For me, Nosferatu just feels too antiquated. Mind you I recognize how much more fluid it is than Intolerance, but I find Lang’s Der Mude Tod from 1921 to be superior visually.
There are several here that I have not seen, so I am very intrigued. I’d also like to add Les Vampires from France, 1915.
I go to youtube to try and find out what this Feuillade is that Kenji mentions, and its the guy that directed the Vampires…
but the Griffith films, I’ve still only seen Intolerance.
…maybe youtube?
Mexican film La banda del automovil gris would be a nice canditate along the ones already mentioned. Also Der Golem.
La voyage dans la lune.
It’s magical. Really.
—PolarisDiB
It would have to be a D.W. Griffith movie – I vote for Intolerance (1916). Griffith revolutionized cinema in his day, establishing many cinematic techniques used repeatedly afterward. With Birth of a Nation (1915), this was his most influential film. There is an amusing film by the Taviani brothers called Good Morning, Babylon that tells the tale of two brothers coming from Italy to work on the Babylon set of this famous movie – a great double bill.
Oh yes, a very warm and likeable film, Good Morning Babylon (as with several others by the Tavianis)
Det Hemmelighedsfulde X (aka Mysterious X) 1914 by Benjamin Christensen. An early masterpiece.
I agree wit POLARISDIB: many say that Melies’ “Le Voyage dans la Lune” is the first masterpiece in the history of cinema.
Fantômas -1913 – Louis Feuillade,
Jason,
You can see A Corner in Wheat on YouTube:
http://www.youtube.com/watch?v=PSF7p_DAAxw
It’s a short but it possesses many of the elements of style that Griffith later elaborated on in his best features.
Thanks Matt for the link.
Also, about a Voyage to the Moon.
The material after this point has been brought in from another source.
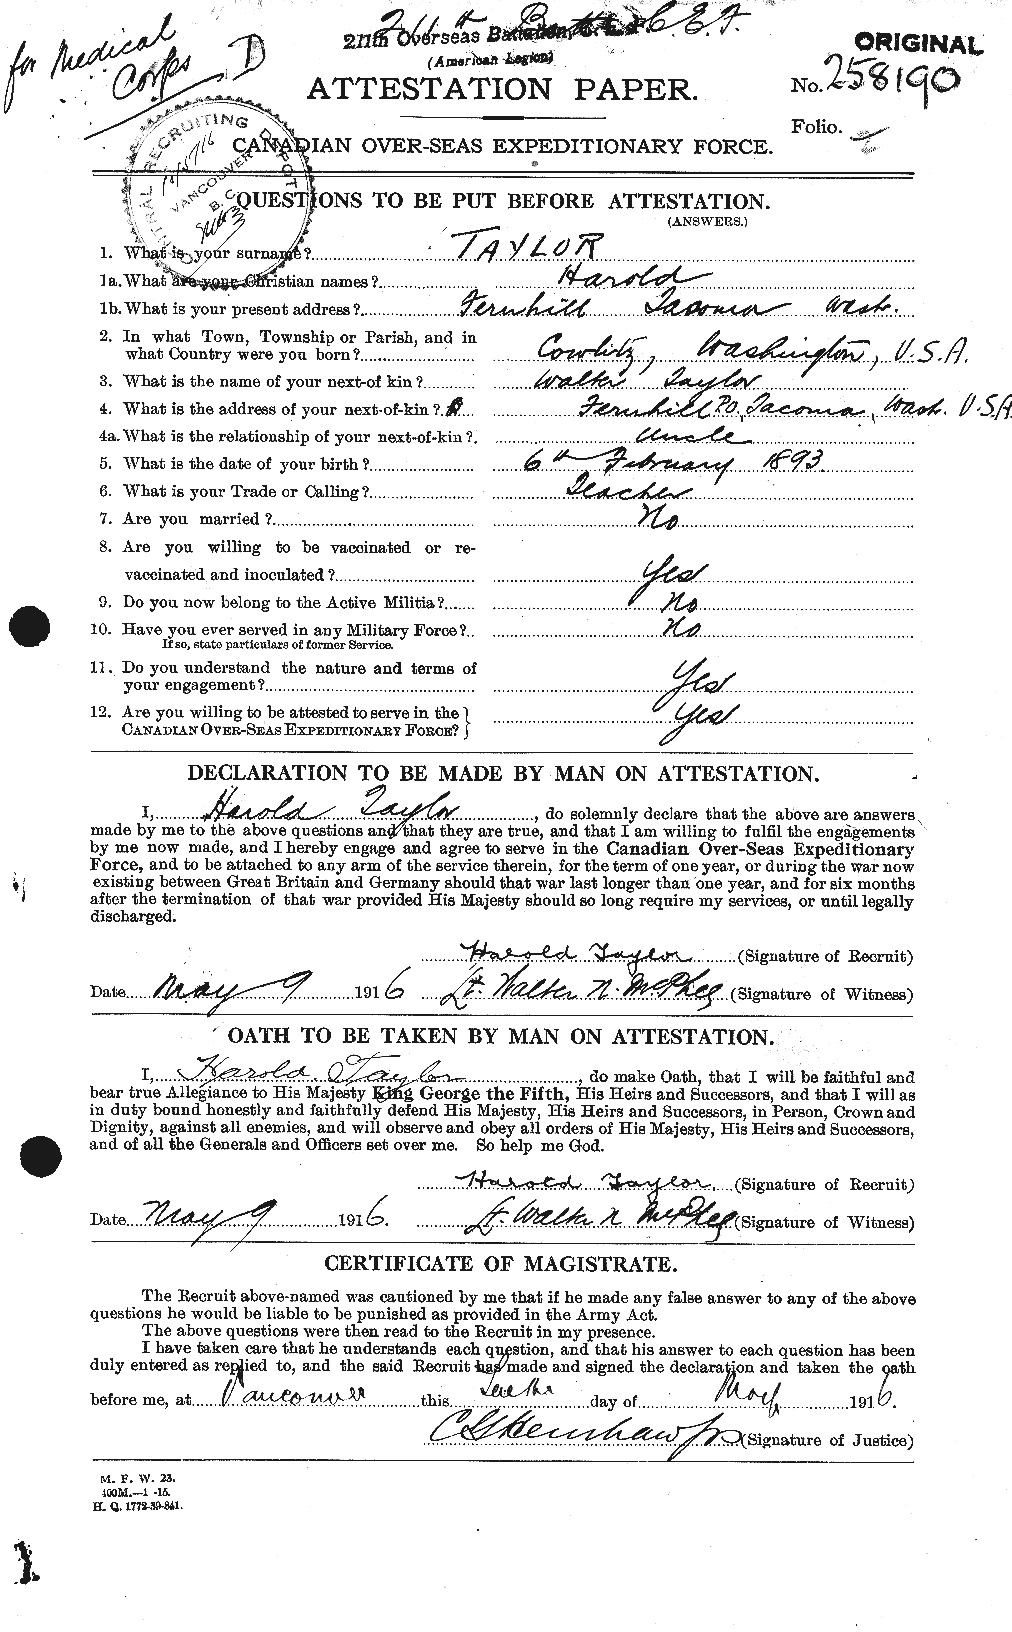 Personnel Records of the First World War - CEF 626407a

I don’t find anything poetic or cinematic about the filmmaking, nor is there anything really interesting about the narrative. I take it for what it is, an early movie, but I personally wouldn’t consider it a great film.
I agree with Jason.
Ah, a masterpiece, really absolute, before Broken Blossoms is Straight Shooting (1917), the first Ford we have and rarely seen. They found a surviving copy of it in a Czech cinematheque. Anybody has seen it?
Sunrise: A Song of Two Humans (1927) dir. Murnau… with Janet Gaynor… Oscar 1929 in unique and artistic production, best actress, best cinematography
The Wind (1928) dir. Victor Sjostrom …. with Lillian Gish, a western and a psychological film
For pioneering efforts, i do like the shorts of Alice Guy-Blaché, who started in 1896 but hasn’t had the attention or credit she deserves
Kenji, I didn’t know of the existence of Alice Guy. Really rare. I found something on the internet, let you know soon!
It was the first and the most greatest experimental film in the history. It must be in The Auteurs.
I’d not heard of Alice Guy-Blaché either, thanks for the recommendation!
First greats… I would agree that The Mysterious X (1914) is remarkable and very ahead of its time. Ditto Louis Feuillade’s film serials Fantômas (1913) and Les Vampires (1915). L’Inferno (1911), an Italian interpretation of Dante’s Inferno, is of note, but I’d recommend finding a copy without the completely incongruous Tangerine Dream score.
Even earlier, I’d recommend a lot of Georges Méliès’ films, particularly The Merry Frolics Of Satan (1906), The Impossible Voyage (1904), A Trip To The Moon (1902) and Bluebeard (1901). He ought to be represented better on this site, he was really ahead of the game and his influence is still palpable.
As for 19th century cinema, I’d like to bring up the name of Émile Reynaud, responsible for the first “proper” animations. As early as 1892, he was producing 15-minute-long hand-painted animations which for some reason were never appreciated at the time. A few years later, and other artists had built on his techniques – to far greater praise. Allegedly, he was so angry and disappointed that he threw his life’s work into the Seine… although a two-minute film is available on Youtube:
http://www.youtube.com/watch?v=A5MXcxaRXNc
stewart SFA Adams
The earliest film that can be defined as great, or modern, meaning it grasps cinema. My pick would probally be Battle Ship Potemkin.